YES!
And it's delicious too!
Although I am a self-proclaimed carb-o-holic, I won't eat a meal unless I've got a gargantuan amount of greens to go with it, and protein, I'm all about the protein. I've been obsessed with my Quinoa Crust but I needed a way to incorporate my greens and protein into my pizz, so Grilled Chicken Salad Pizza was created!
The title is long, but it was too hard to omit any bit of this tasty gluten free and dairy free goodness! This recipe is flexible, and can be made with whatever green base you prefer and topped with all your favorite salad fixings, I just chose what I got fresh this week at the Farmer's Market.
1 Grilled Balsamic Chicken Breast (*see below for instructions*)
1 Quinoa Pizza Crust
Base Greens of Your Choice (Fresh Spinach, Kale, Spring Mix, Etc.)
Sliced Tomatoes
Balsamic Vinegar (ensure that your brand is gluten free)
Olive Oil to Drizzle
Spices of your choice: Basil (fresh/dried), Oregano, Crush Red Pepper
1. Make quinoa crust pizza, or defrost pre-prepped and frozen quinoa crust
2. Top pizza crust with bed of greens
3. Drizzle Balsamic Vinegar, Olive Oil, and any spices across bed of greens
(This prevents your crust from becoming soggy!)
4. Add additional greens, tomato slices, and any other salad toppings
5. Slice cooked and partially cooled grilled chicken, add on top
6. Sprinkle with shredded mozzarella/Go Veggie Rice Mozzarella Shreds
7. Add additonal dressing if desired
8. Enjoy!
Grilled Balsamic Chicken
1 Defrosted and Cut into Strips Chicken Breast
Balsamic Marinade:
- Balsamic Vinegar + 1 Tablespoon Olive Oil + 1 tsp.

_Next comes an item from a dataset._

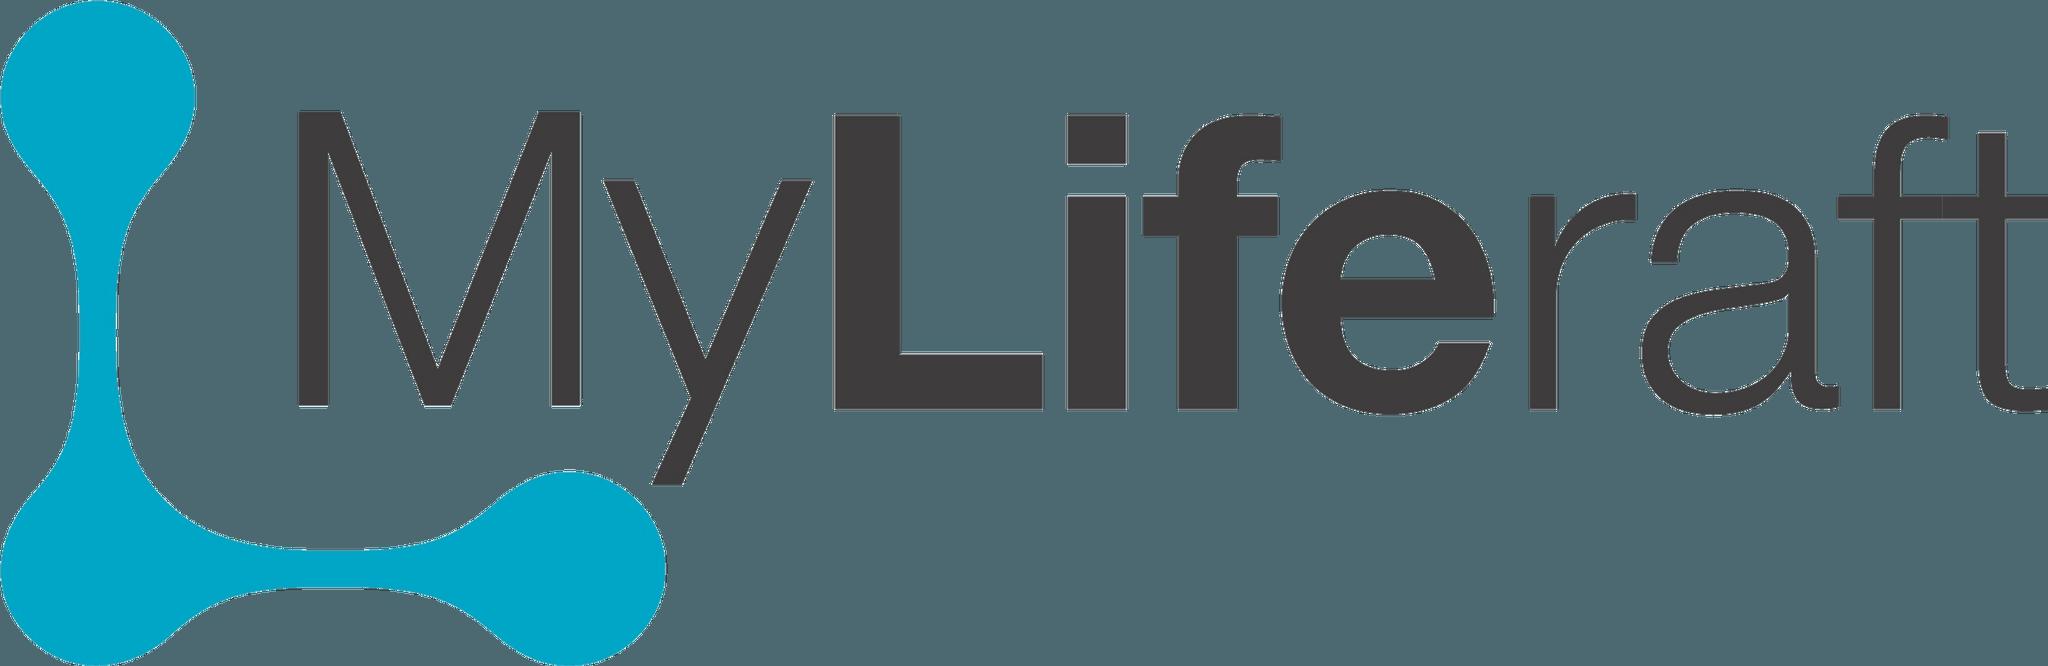 MyLiferaft

Minced Garlic
- Ken's Balsamic Vinaigrette (gluten free)
- Balsamic Dressing of Your Choice
1. Cut chicken into strips, add to bag with marinade, let sit for at least four hours
2. Grill chicken on a grill, with a grill pan, or use my No Grill Method
OR use my Juicy Baked Chicken Method and then shred the cooked chicken
3. Let chicken cool a bit, cut up, and then add to your Salad Pizza

- Additional Salad Ideas to top your pizza with:
- Bell Peppers (Red, Green, Orange, Yellow)
- Red Roasted Peppers
- Sprouts
- Fresh Basil
- Cucumbers
- Chia Seeds/Flax Seeds
- Avocado
Use chickpeas/kidney beans/tofu/tempeh instead!
- I prefer this served cold, so I chilled mine in the fridge
- Keep the Balsamic and Oil out for extra dipping!